Проверив время на наручных часах, и выдернув телефонную карточку из щели, Николай перебежал пустой проспект, – к автомату напротив. С сожалением посмотрев на игрушечный автомобильчик на пластиковом квадрате, он с усилием согнул её пополам – больше с этой карточки звонить не стоило, так пусть и соблазна не будет. Впрочем, звонок на сотовый и так почти наверняка сожрал почти все единицы, так что бог с ней. Вытянув из бумажника вторую, на которой ещё что-то оставалось после неудавшегося звонка Дашиной больной, Николай набрал домашний номер. Было уже начало третьего, но в правильности своего поступка он не сомневался – даже если мама всё-таки спит, за звонок она будет благодарна.

– Да?

В трубке отозвались сразу – мама не спала.

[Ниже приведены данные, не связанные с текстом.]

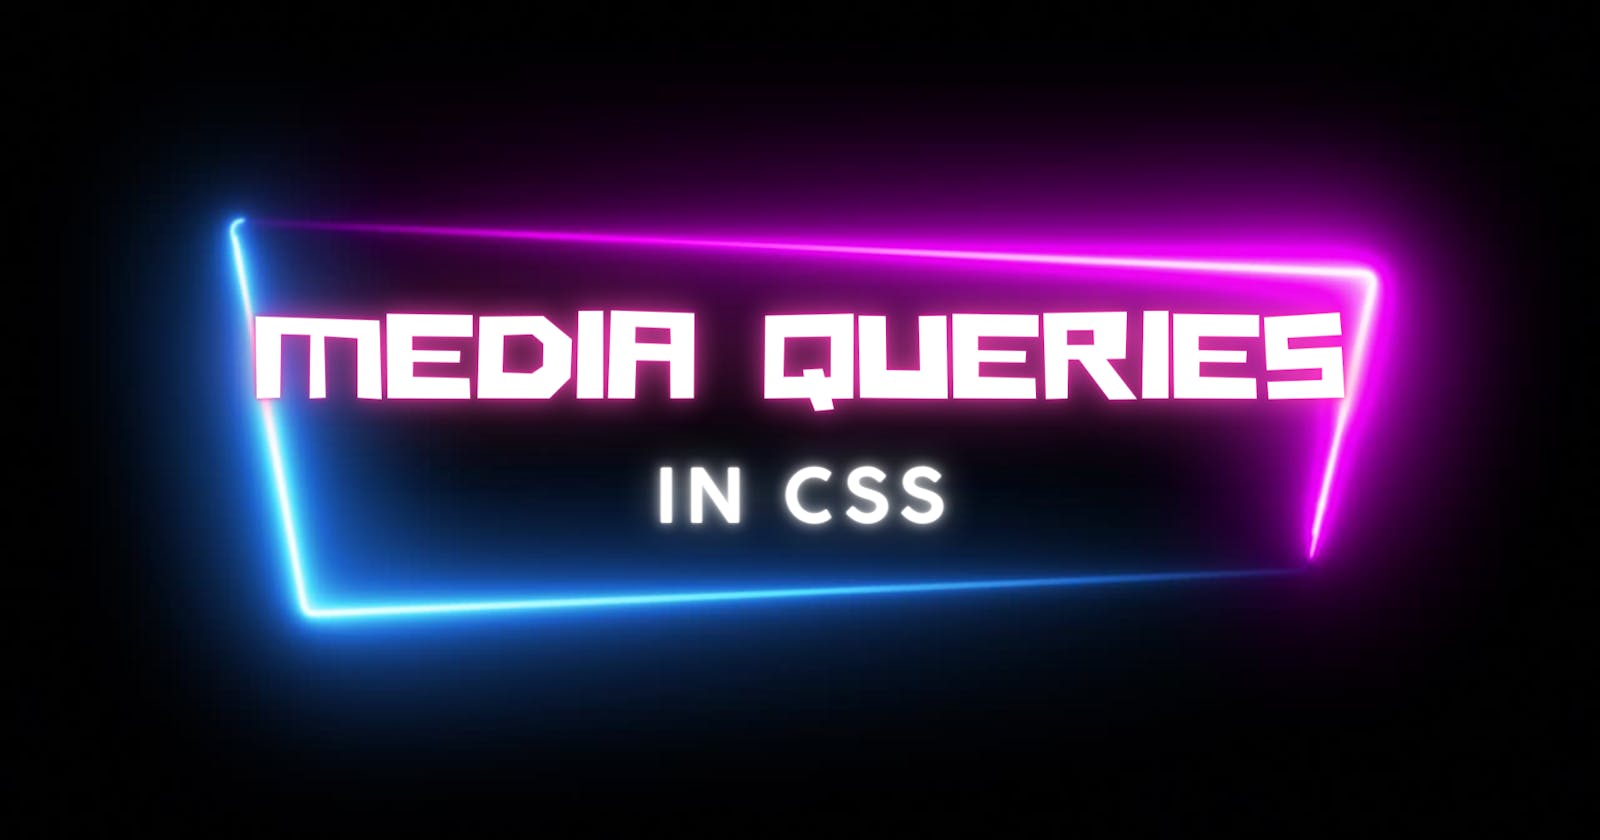 Media Queries in CSS

– Мама, это я, – произнёс он извиняющимся тоном. – Извини, что поздно, я только освободился. Со мной всё нормально, не беспокойтесь. Дома сегодня опять не ночую – у меня дела ещё. Буду отзваниваться, ладно? Целую.

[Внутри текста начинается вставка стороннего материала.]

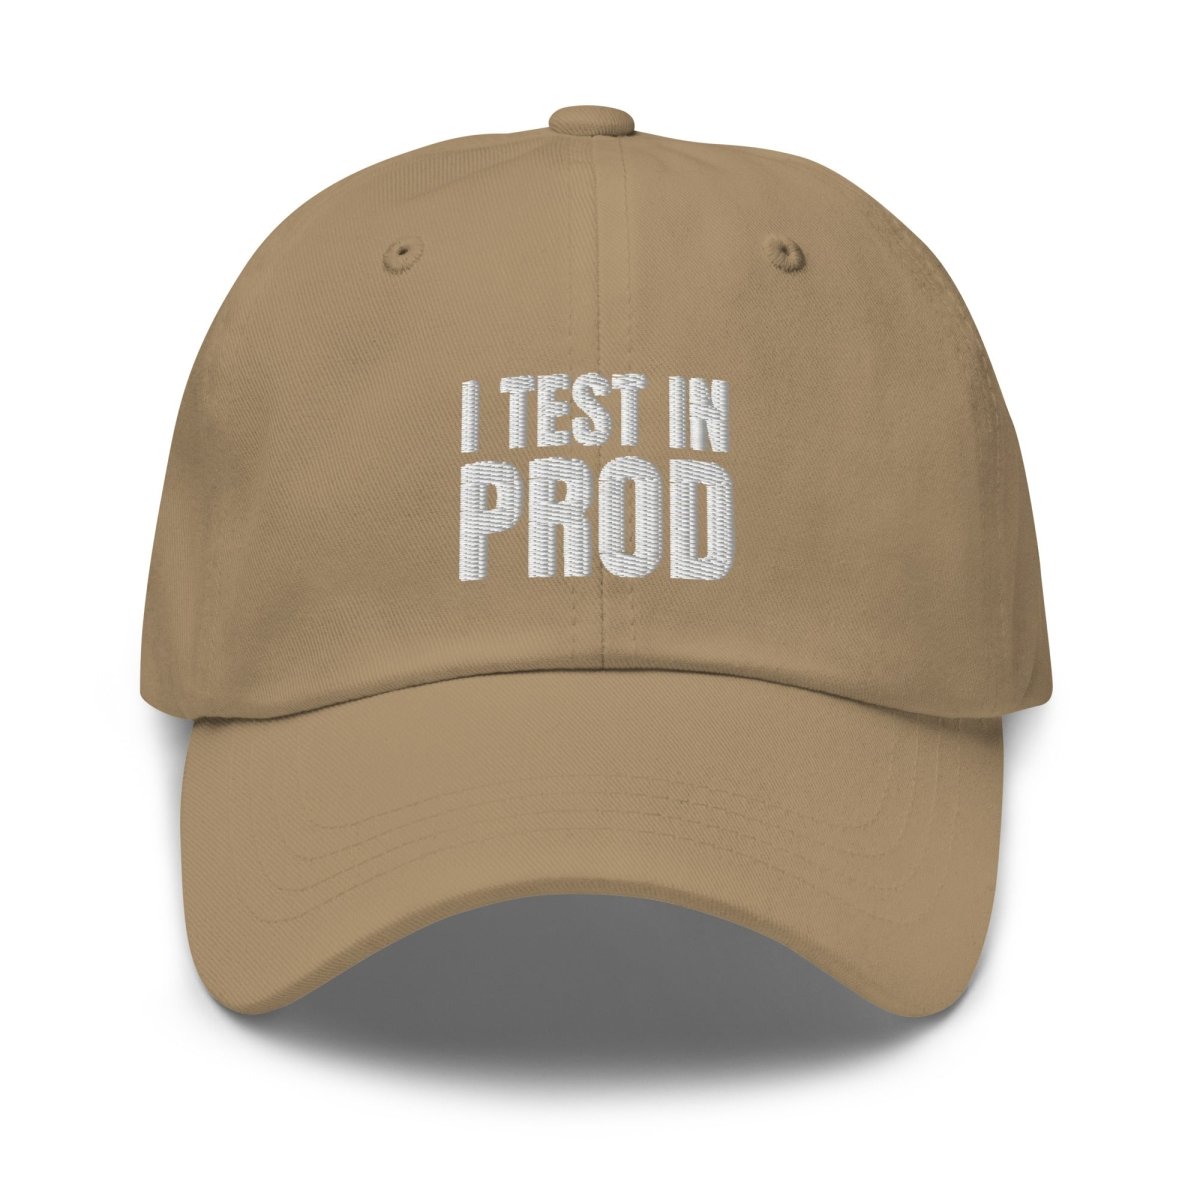 I Test in Prod Embroidered Cap - Khaki - AI Store

Николай положил успевшую нагреться трубку, и вынул карточку, успевшую, по показаниям дисплейчика, перепрыгнуть по заряженным условным деньгам на «1». Хватит ещё на полминуты, и звонить с неё стоит только домой.

Николай перебежал проспект обратно, и пошёл в направлении «Петроградской». Несколько машин проехали не остановившись на его поднятую руку, ещё несколько пропустил он сам, не одобряя сидевших в них силуэтов двух или трёх людей.

– Куда? – Поинтересовался водитель приостановившегося-таки «Жигуля», покрытого коркой грязи поверх когда-то бежевого цвета. Это было уже у улицы Рентгена, напротив того дома, где при нём снимали когда-то эпизод для «Фуэте». Точнее, у подъездов другого дома, где раньше был один из немногочисленных тогда в районе обувных магазинов. В этих кварталах каждое здание было для выросшего здесь Николая живым.

– На «Пионерскую».

– Сколько?

Этот вопрос Николай никогда не любил.

– Сколько надо?

– Семьдесят.

– Много. Пятьдесят. Шестьдесят максимум.

– Садись, – молодой водитель поморщился, но всё-таки кивнул. Жизнь строится на компромиссах, и отказываться от неопасного пассажира в такое время суток он всё же не захотел.

В салоне было тепло, пахло тряпками и бензином. Магнитола наигрывала что-то нежно-инструментальное, вроде «Танцующего под дождём». Николай расслабился, мечтая закрыть глаза и пролежать так, откинувшись на сиденья, хотя бы десять минут, пока машина будет ехать до цели. Нельзя. Водитель сидел спокойно, уверенно разгоняя машину между мигающими жёлтыми сигналами, разграничивающими сейчас кварталы Каменноостровского начиная примерно от улицы Графтио.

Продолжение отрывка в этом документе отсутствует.